Repeat the data below exactly. Include each line.

▬▬▬

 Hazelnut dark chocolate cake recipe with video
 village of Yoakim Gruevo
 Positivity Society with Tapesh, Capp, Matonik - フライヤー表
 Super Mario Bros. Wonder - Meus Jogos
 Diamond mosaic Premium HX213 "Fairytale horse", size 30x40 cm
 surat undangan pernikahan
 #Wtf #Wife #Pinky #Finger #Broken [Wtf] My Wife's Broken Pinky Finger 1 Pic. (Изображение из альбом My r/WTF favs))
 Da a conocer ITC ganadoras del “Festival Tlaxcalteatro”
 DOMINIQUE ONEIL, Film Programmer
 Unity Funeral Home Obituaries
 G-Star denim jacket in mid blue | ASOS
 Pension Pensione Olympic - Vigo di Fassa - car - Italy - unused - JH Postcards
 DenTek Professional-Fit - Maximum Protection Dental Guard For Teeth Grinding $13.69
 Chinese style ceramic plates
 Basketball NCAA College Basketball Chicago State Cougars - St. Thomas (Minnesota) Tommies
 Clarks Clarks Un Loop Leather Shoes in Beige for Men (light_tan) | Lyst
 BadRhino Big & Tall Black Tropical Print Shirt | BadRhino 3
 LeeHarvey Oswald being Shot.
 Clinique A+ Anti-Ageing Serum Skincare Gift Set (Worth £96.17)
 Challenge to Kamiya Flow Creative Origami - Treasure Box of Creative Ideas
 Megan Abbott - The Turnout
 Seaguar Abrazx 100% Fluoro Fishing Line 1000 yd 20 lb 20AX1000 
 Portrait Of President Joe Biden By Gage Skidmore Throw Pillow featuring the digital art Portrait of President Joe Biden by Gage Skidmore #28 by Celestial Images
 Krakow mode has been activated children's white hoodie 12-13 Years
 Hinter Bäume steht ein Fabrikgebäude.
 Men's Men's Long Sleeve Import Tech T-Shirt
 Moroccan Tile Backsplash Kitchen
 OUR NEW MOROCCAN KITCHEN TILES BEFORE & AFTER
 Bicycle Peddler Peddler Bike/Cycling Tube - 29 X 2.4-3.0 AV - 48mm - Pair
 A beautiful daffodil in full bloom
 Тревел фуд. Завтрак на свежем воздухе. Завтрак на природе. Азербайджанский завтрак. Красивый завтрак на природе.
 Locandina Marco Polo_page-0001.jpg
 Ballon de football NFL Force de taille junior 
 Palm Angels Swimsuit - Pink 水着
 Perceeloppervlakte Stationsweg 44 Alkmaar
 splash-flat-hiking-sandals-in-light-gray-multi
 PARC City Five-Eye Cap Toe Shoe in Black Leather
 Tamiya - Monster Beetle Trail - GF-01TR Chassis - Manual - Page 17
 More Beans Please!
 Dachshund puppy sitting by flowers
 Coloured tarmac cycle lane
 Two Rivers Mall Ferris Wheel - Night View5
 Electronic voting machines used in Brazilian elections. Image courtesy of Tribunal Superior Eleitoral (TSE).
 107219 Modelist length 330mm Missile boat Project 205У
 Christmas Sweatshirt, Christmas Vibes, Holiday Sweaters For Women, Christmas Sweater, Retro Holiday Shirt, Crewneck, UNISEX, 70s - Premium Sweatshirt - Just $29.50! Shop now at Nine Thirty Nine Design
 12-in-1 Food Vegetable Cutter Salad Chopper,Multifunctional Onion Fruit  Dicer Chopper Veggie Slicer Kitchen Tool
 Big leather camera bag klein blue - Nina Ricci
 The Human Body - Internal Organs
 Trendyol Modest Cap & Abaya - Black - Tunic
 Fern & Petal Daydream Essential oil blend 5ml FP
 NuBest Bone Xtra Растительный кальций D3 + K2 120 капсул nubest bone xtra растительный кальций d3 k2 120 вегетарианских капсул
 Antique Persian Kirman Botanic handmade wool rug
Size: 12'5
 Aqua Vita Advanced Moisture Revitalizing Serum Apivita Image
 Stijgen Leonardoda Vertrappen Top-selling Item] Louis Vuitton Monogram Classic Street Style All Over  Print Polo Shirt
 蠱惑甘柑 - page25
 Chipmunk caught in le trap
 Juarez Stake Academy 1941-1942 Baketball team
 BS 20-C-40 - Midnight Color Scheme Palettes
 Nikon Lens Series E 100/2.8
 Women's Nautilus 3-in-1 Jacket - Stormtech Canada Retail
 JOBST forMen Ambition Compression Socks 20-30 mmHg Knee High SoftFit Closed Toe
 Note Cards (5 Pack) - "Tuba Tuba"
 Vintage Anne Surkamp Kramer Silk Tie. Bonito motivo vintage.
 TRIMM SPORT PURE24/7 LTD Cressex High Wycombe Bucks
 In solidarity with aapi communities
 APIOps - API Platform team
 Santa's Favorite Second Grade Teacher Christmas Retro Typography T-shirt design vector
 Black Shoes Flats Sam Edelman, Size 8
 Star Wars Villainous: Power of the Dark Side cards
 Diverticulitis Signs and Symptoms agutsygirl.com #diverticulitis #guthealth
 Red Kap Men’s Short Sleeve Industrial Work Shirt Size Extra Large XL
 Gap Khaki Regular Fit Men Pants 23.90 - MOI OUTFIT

▬▬▬

EXERCISE RESULT:
 Hazelnut dark chocolate cake recipe with video
 village of Yoakim Gruevo
 Positivity Society with Tapesh, Capp, Matonik - フライヤー表
 Super Mario Bros. Wonder - Meus Jogos
 Diamond mosaic Premium HX213 "Fairytale horse", size 30x40 cm
 surat undangan pernikahan
 #Wtf #Wife #Pinky #Finger #Broken [Wtf] My Wife's Broken Pinky Finger 1 Pic. (Изображение из альбом My r/WTF favs))
 Da a conocer ITC ganadoras del “Festival Tlaxcalteatro”
 DOMINIQUE ONEIL, Film Programmer
 Unity Funeral Home Obituaries
 G-Star denim jacket in mid blue | ASOS
 Pension Pensione Olympic - Vigo di Fassa - car - Italy - unused - JH Postcards
 DenTek Professional-Fit - Maximum Protection Dental Guard For Teeth Grinding $13.69
 Chinese style ceramic plates
 Basketball NCAA College Basketball Chicago State Cougars - St. Thomas (Minnesota) Tommies
 Clarks Clarks Un Loop Leather Shoes in Beige for Men (light_tan) | Lyst
 BadRhino Big & Tall Black Tropical Print Shirt | BadRhino 3
 LeeHarvey Oswald being Shot.
 Clinique A+ Anti-Ageing Serum Skincare Gift Set (Worth £96.17)
 Challenge to Kamiya Flow Creative Origami - Treasure Box of Creative Ideas
 Megan Abbott - The Turnout
 Seaguar Abrazx 100% Fluoro Fishing Line 1000 yd 20 lb 20AX1000 
 Portrait Of President Joe Biden By Gage Skidmore Throw Pillow featuring the digital art Portrait of President Joe Biden by Gage Skidmore #28 by Celestial Images
 Krakow mode has been activated children's white hoodie 12-13 Years
 Hinter Bäume steht ein Fabrikgebäude.
 Men's Men's Long Sleeve Import Tech T-Shirt
 Moroccan Tile Backsplash Kitchen
 OUR NEW MOROCCAN KITCHEN TILES BEFORE & AFTER
 Bicycle Peddler Peddler Bike/Cycling Tube - 29 X 2.4-3.0 AV - 48mm - Pair
 A beautiful daffodil in full bloom
 Тревел фуд. Завтрак на свежем воздухе. Завтрак на природе. Азербайджанский завтрак. Красивый завтрак на природе.
 Locandina Marco Polo_page-0001.jpg
 Ballon de football NFL Force de taille junior 
 Palm Angels Swimsuit - Pink 水着
 Perceeloppervlakte Stationsweg 44 Alkmaar
 splash-flat-hiking-sandals-in-light-gray-multi
 PARC City Five-Eye Cap Toe Shoe in Black Leather
 Tamiya - Monster Beetle Trail - GF-01TR Chassis - Manual - Page 17
 More Beans Please!
 Dachshund puppy sitting by flowers
 Coloured tarmac cycle lane
 Two Rivers Mall Ferris Wheel - Night View5
 Electronic voting machines used in Brazilian elections. Image courtesy of Tribunal Superior Eleitoral (TSE).
 107219 Modelist length 330mm Missile boat Project 205У
 Christmas Sweatshirt, Christmas Vibes, Holiday Sweaters For Women, Christmas Sweater, Retro Holiday Shirt, Crewneck, UNISEX, 70s - Premium Sweatshirt - Just $29.50! Shop now at Nine Thirty Nine Design
 12-in-1 Food Vegetable Cutter Salad Chopper,Multifunctional Onion Fruit  Dicer Chopper Veggie Slicer Kitchen Tool
 Big leather camera bag klein blue - Nina Ricci
 The Human Body - Internal Organs
 Trendyol Modest Cap & Abaya - Black - Tunic
 Fern & Petal Daydream Essential oil blend 5ml FP
 NuBest Bone Xtra Растительный кальций D3 + K2 120 капсул nubest bone xtra растительный кальций d3 k2 120 вегетарианских капсул
 Antique Persian Kirman Botanic handmade wool rug
Size: 12'5
 Aqua Vita Advanced Moisture Revitalizing Serum Apivita Image
 Stijgen Leonardoda Vertrappen Top-selling Item] Louis Vuitton Monogram Classic Street Style All Over  Print Polo Shirt
 蠱惑甘柑 - page25
 Chipmunk caught in le trap
 Juarez Stake Academy 1941-1942 Baketball team
 BS 20-C-40 - Midnight Color Scheme Palettes
 Nikon Lens Series E 100/2.8
 Women's Nautilus 3-in-1 Jacket - Stormtech Canada Retail
 JOBST forMen Ambition Compression Socks 20-30 mmHg Knee High SoftFit Closed Toe
 Note Cards (5 Pack) - "Tuba Tuba"
 Vintage Anne Surkamp Kramer Silk Tie. Bonito motivo vintage.
 TRIMM SPORT PURE24/7 LTD Cressex High Wycombe Bucks
 In solidarity with aapi communities
 APIOps - API Platform team
 Santa's Favorite Second Grade Teacher Christmas Retro Typography T-shirt design vector
 Black Shoes Flats Sam Edelman, Size 8
 Star Wars Villainous: Power of the Dark Side cards
 Diverticulitis Signs and Symptoms agutsygirl.com #diverticulitis #guthealth
 Red Kap Men’s Short Sleeve Industrial Work Shirt Size Extra Large XL
 Gap Khaki Regular Fit Men Pants 23.90 - MOI OUTFIT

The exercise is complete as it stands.